Why do people like stolen bases? Most people split baseball into four categories, hitting, pitching, fielding and baserunning. Stolen bases are the most visible aspect of baserunning, it easier to see the impact of a stolen base than a runner who manages to get to 3rd base of a soft single when they started on first. Also the potential of base stealing adds to the dynamic of pitcher versus batter, causing pitcher to shorten their wind up to the pitch so baserunners can’t easily steal bases.

Stealing a base is one of the most clearly visible aspects of baseball and has played its part in major games throughout the history of baseball, Jackie Robinson’s steal of home in the 1955 World Series (video), Dave Roberts steal in game 4 of the 2004 ALCS (video), Rickey Henderson in 1991 stealing 3rd base, then lifting it aloft as he broke the all-time steals record (video). These moments live on clear in the memory of fans, so when people think that they might not see moments like this in the future then they are going to be disappointed.

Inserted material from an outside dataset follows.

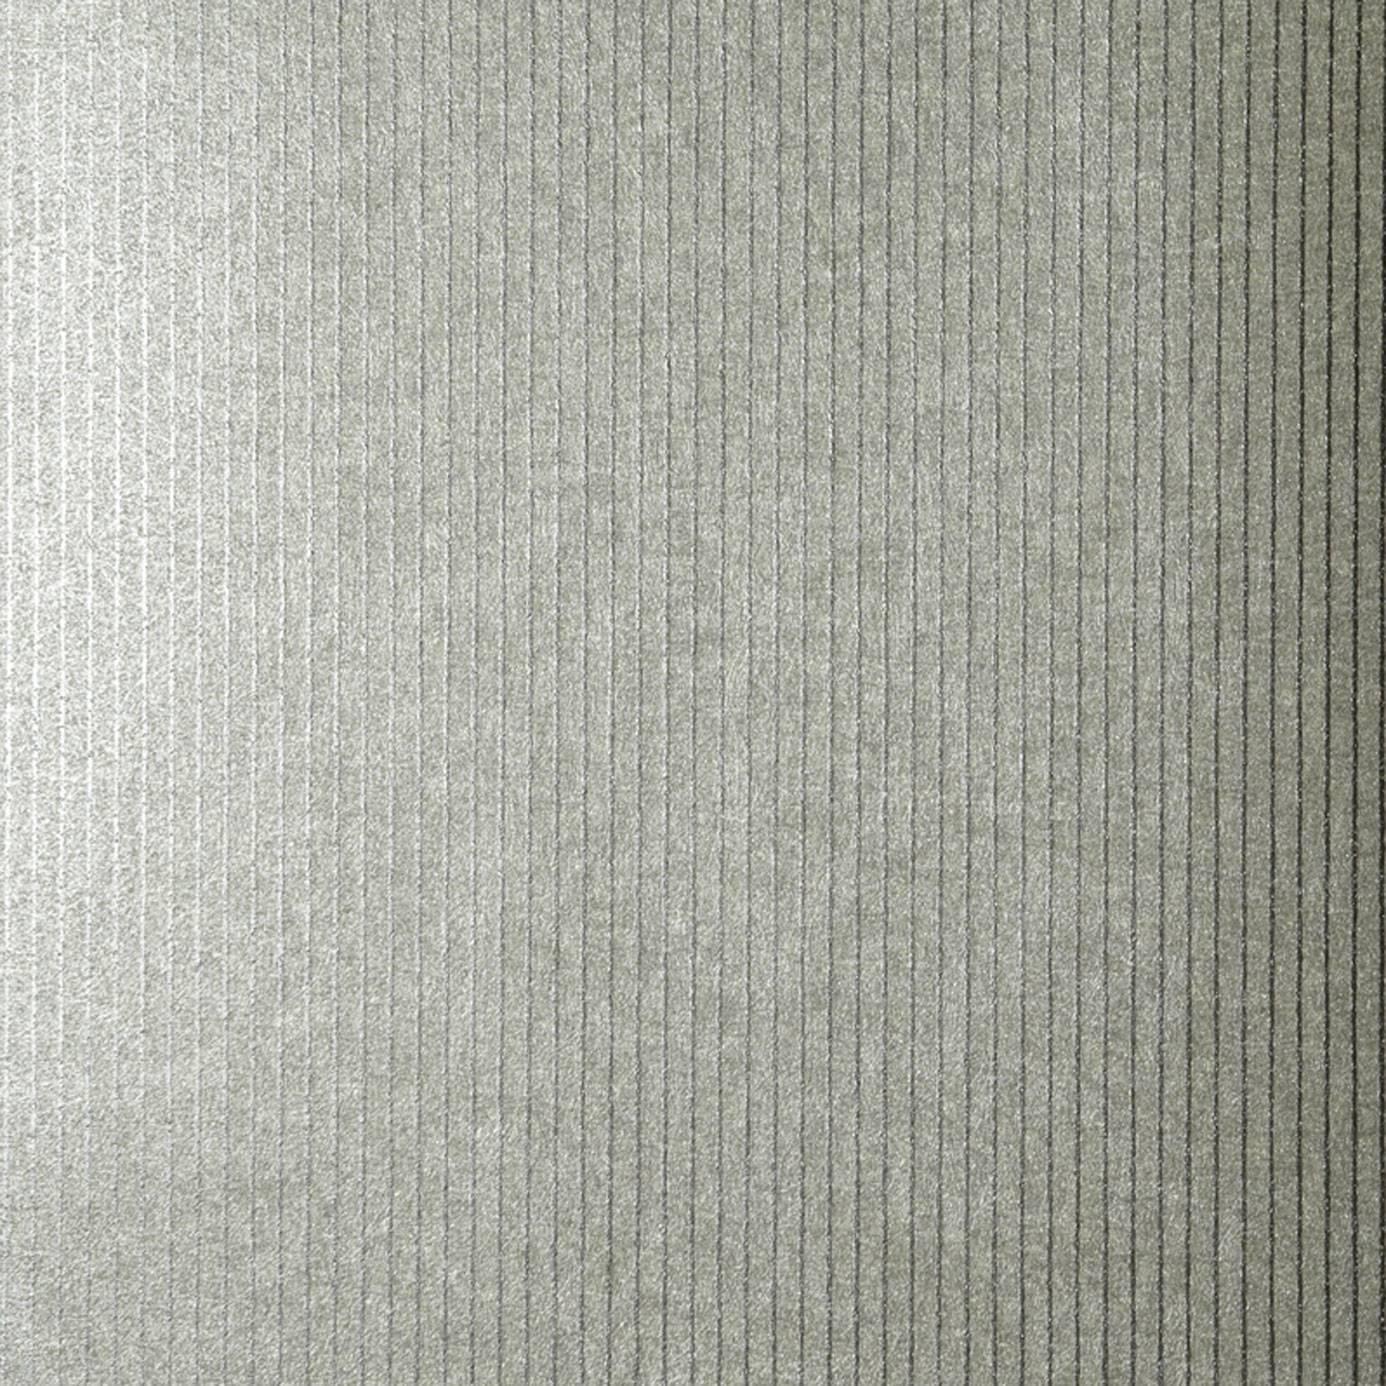 Американские обои Prestigious,  коллекция Elements, артикул1650/920

What is the purpose a stolen base? The simple idea behind a stolen base is that by advancing a runner by a base the batting team increases there chance of scoring runs and that is true in all circumstances. You are more likely to score a run, and score more runs, with a runner on second rather than first. But how successful at stealing do you have to be for it to be an overall benefit for the team.

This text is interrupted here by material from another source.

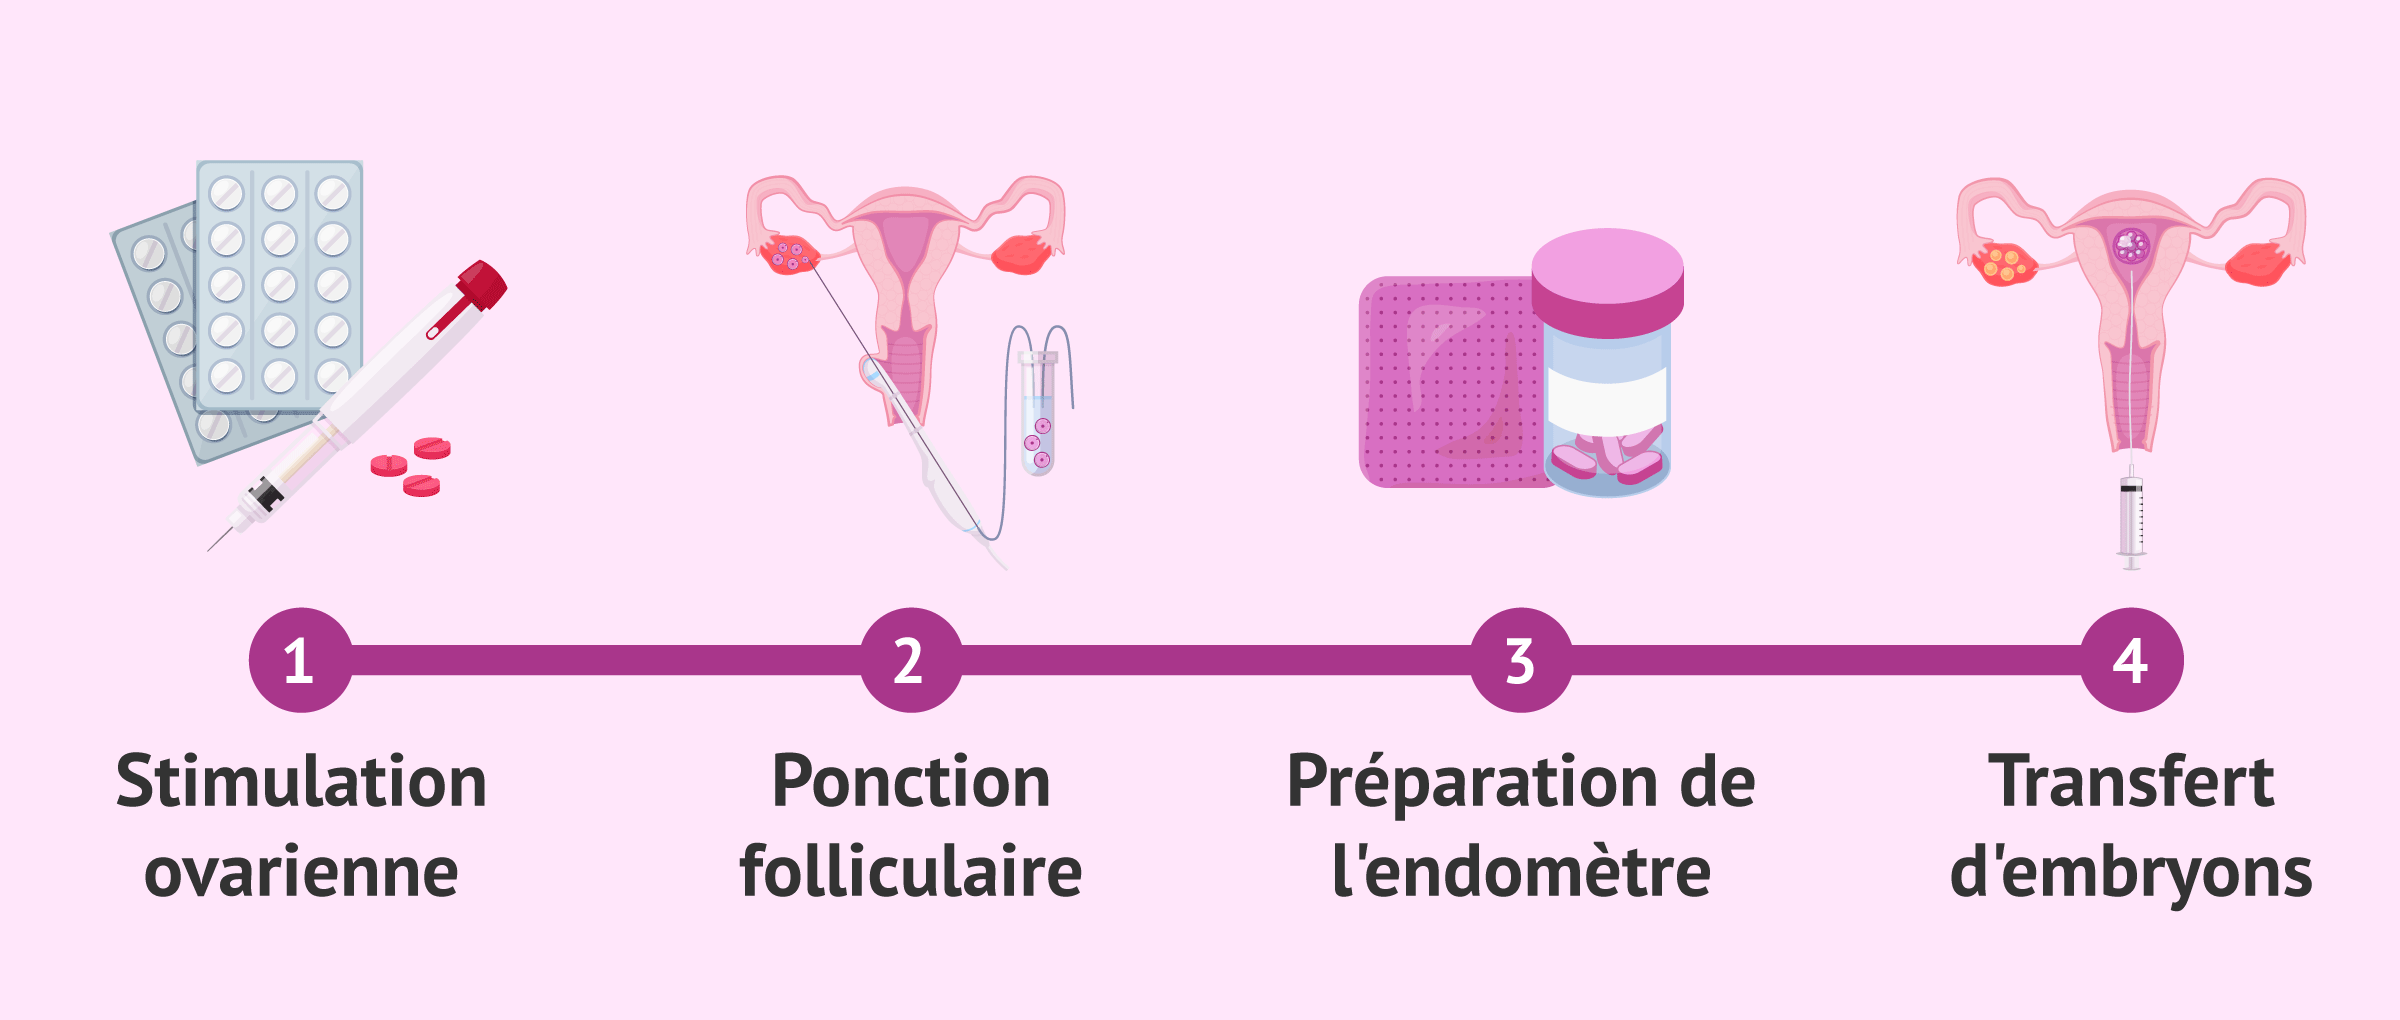 Les étapes de la FIV jusqu'au transfert de l'embryon

As with bunts the piece of analysis which showed the true value of stealing was the run expectancy table, with this piece of analysis teams were able to work out how much they gained by stealing a base and how much they lost when they were caught stealing. Using the same run expectancy tables (2010-2015) as we did for bunts we get the following (failure for double steal is categorised as runner out at third and safe at second).

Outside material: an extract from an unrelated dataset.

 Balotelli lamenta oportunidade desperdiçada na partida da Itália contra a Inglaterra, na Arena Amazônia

From this you can see that to be classed as a successful base stealer you needed to have a success rate better than 70%. If you just looking to steal so just one run can be scored, i.e. bottom of the ninth in a tied game, the success rate is down to 60%. What surprised me in this analysis was the lower success rate required for the double steal to be effective for the team but it due to the negative being less severe due to my definition of runner out at third and safe at second.

If we perform this analysis for each season going back to the 1950s and look at the 0 out stealing of second base scenario we find that the required success rate has fluctuated between 70% and 75% over the last 60 seasons. There is no overall trend up or down but it does follow a factor which I will discuss later.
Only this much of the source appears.